10B. Intracerebral haemorrhage (ICH)

Page created on June 3, 2021. Last updated on March 26, 2022 at 17:28


Intracerebral haemorrhage (ICH) refers to haemorrhage into the brain parenchyme. It’s one form of haemorrhagic stroke.

We can distinguish two usual presentations of ICH. The typical presentation is in an elderly patient with hypertension, who has haemorrhage in deep brain structures, like basal ganglia, thalamus, pons, and/or cerebellum. This occurs due to rupture of microaneurysms in the brain which occur due to chronic hypertension. This is the most common presentation.

The other presentation is the atypical one, which occurs in younger or normotensive patients, who rather have haemorrhage in the cortical lobes. This occurs due to rupture of vascular malformations, coagulation disorders, or due to cerebral amyloid angiopathy.

The prognosis is poor, 50% of patients die within 30 days.


  • Typical ICH
    • Hypertensive vasculopathy
    • Anticoagulation
  • Atypical ICH
    • Vascular malformation (mostly in younger patients)
    • Cerebral amyloid angiopathy (mostly in older patients)
    • Anticoagulant therapy or coagulation disorders
    • Trauma

Clinical features

As a form of stroke, ICH can’t be distinguished from ischaemic stroke clinically. However, certain features are more likely in ICH, including symptoms progressing gradually over minutes or hours, and symptoms like severe headache, vomiting, loss of consciousness, and severe hypertension.

Specific symptoms can occur depending on the location of the bleeding. If in the cerebellum, cerebellar symptoms can occur. If in the pons, tetraplaegia, pinpoint pupils, and brainstem symptoms can occur. Seizures occur almost exclusively in ICH which affects the cortical lobes.

Diagnosis and evaluation

As a form of stroke, native CT should be performed ASAP. The haemorrhage is visible as a hyperdense lesion in the brain parenchyma.

If the presentation is atypical, i.e. the patient is young or normotensive, or the CT shows lobar ICH, then the underlying etiology must be determined by further examinations.
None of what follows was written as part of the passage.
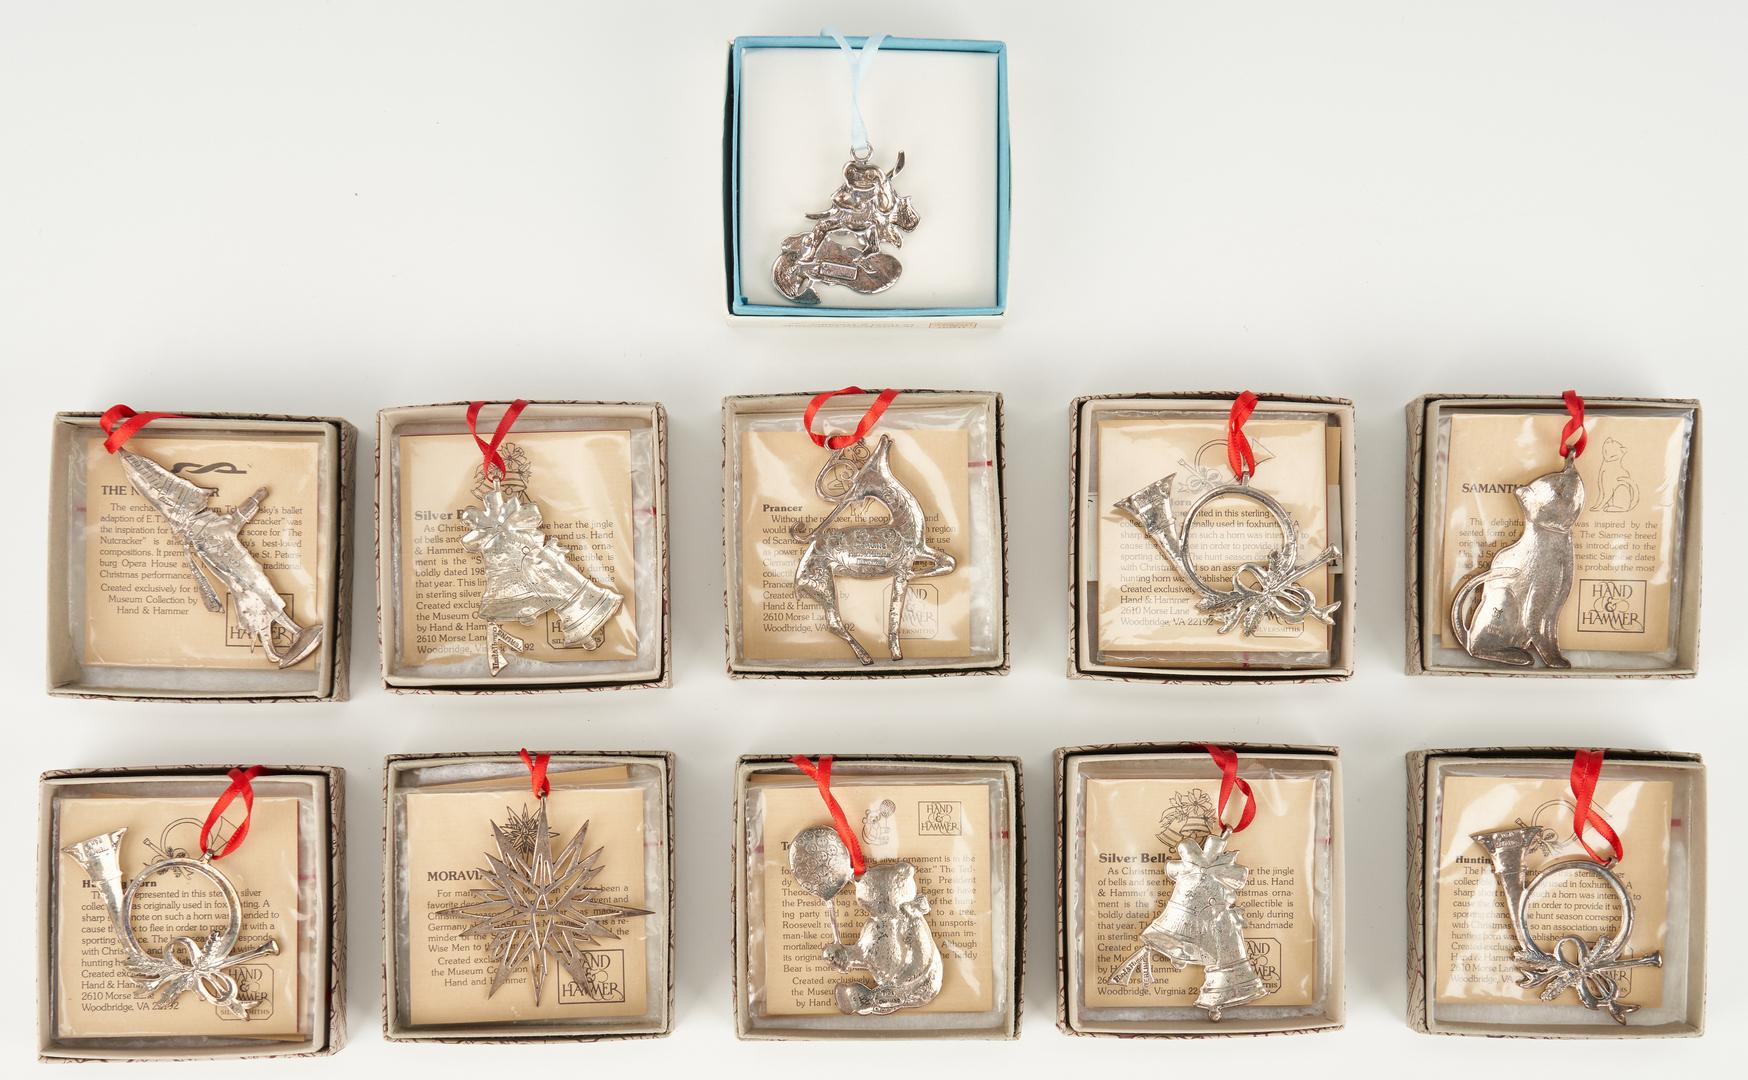 Lot 800: 20 Assorted Ornaments & Figurines, incl. Tiffany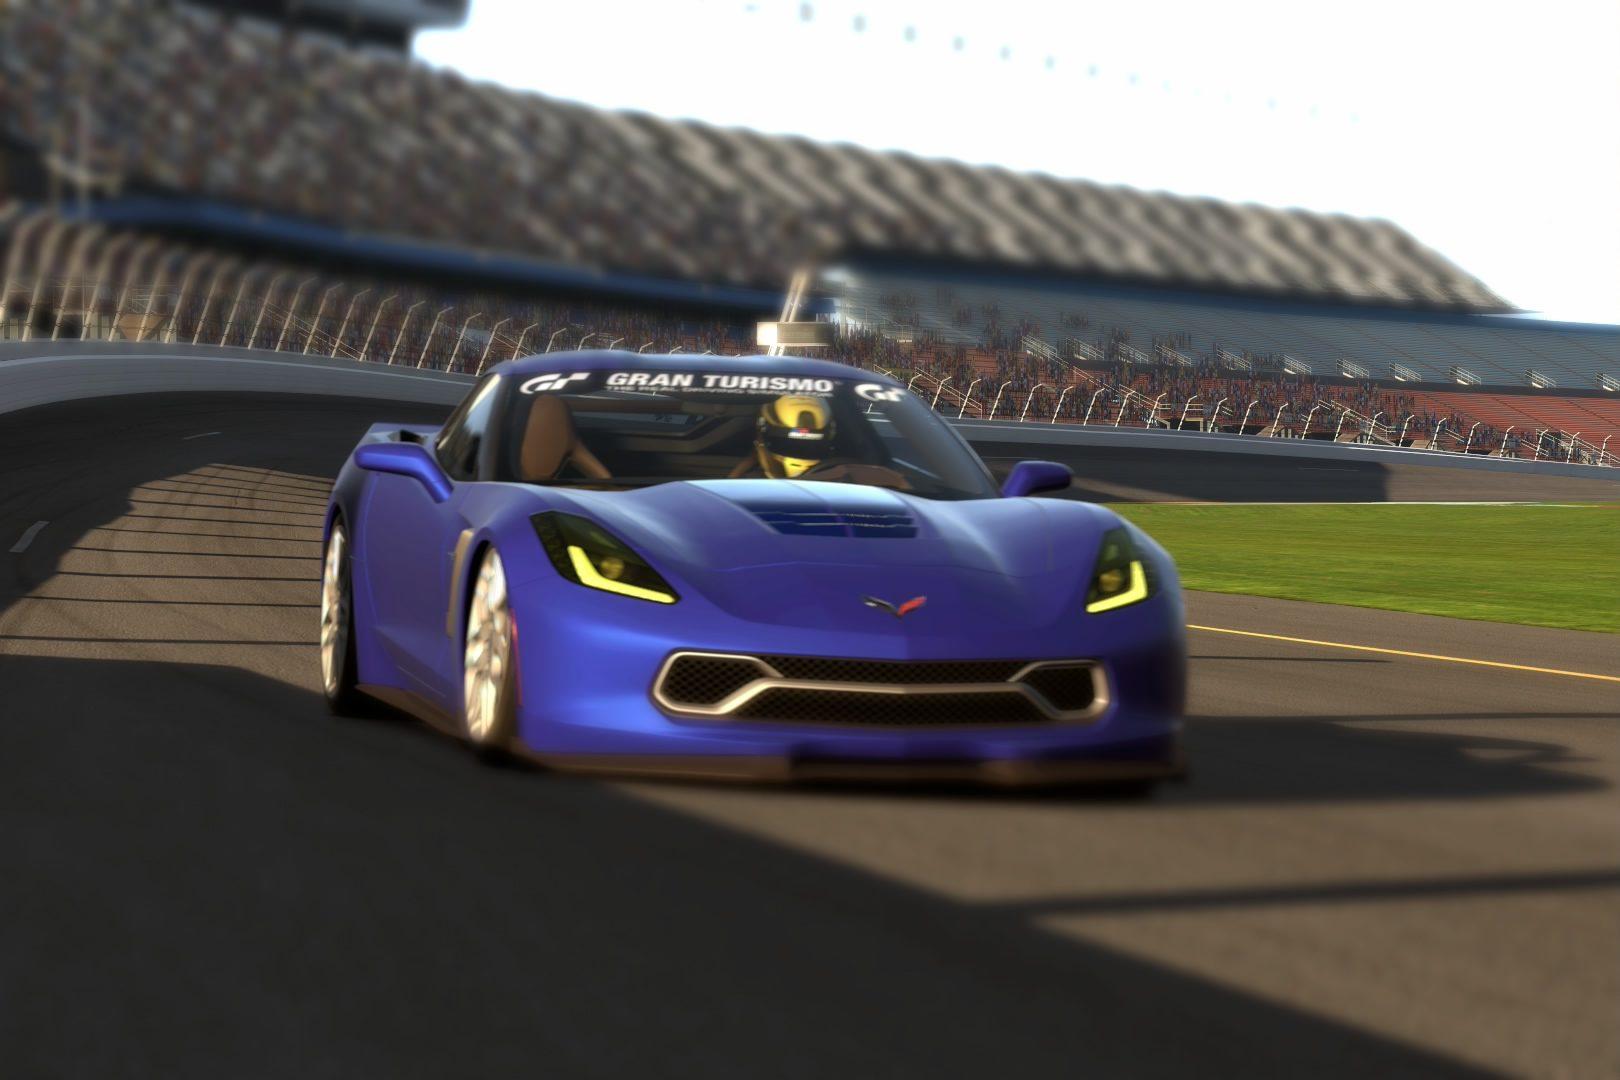 Chevrolet Corvette Stingray Gran Turismo Concept '13.jpg

CT or MR angiography or DSA can show vascular malformations, and if negative we should screen for a bleeding disorder. Cerebral amyloid angiopathy usually causes multiple small haemorrhages.


Treatment is mainly supportive. It’s important to stabilize the patient, decrease blood pressure to 140/90, and reverse anticoagulation if present.

Surgical evacuation of the haematoma can be performed if there is brain herniation or large cerebellar haematoma.

If there is blood in the ventricles, we may drain it or apply thrombolytics intraventricularly to prevent hydrocephalus.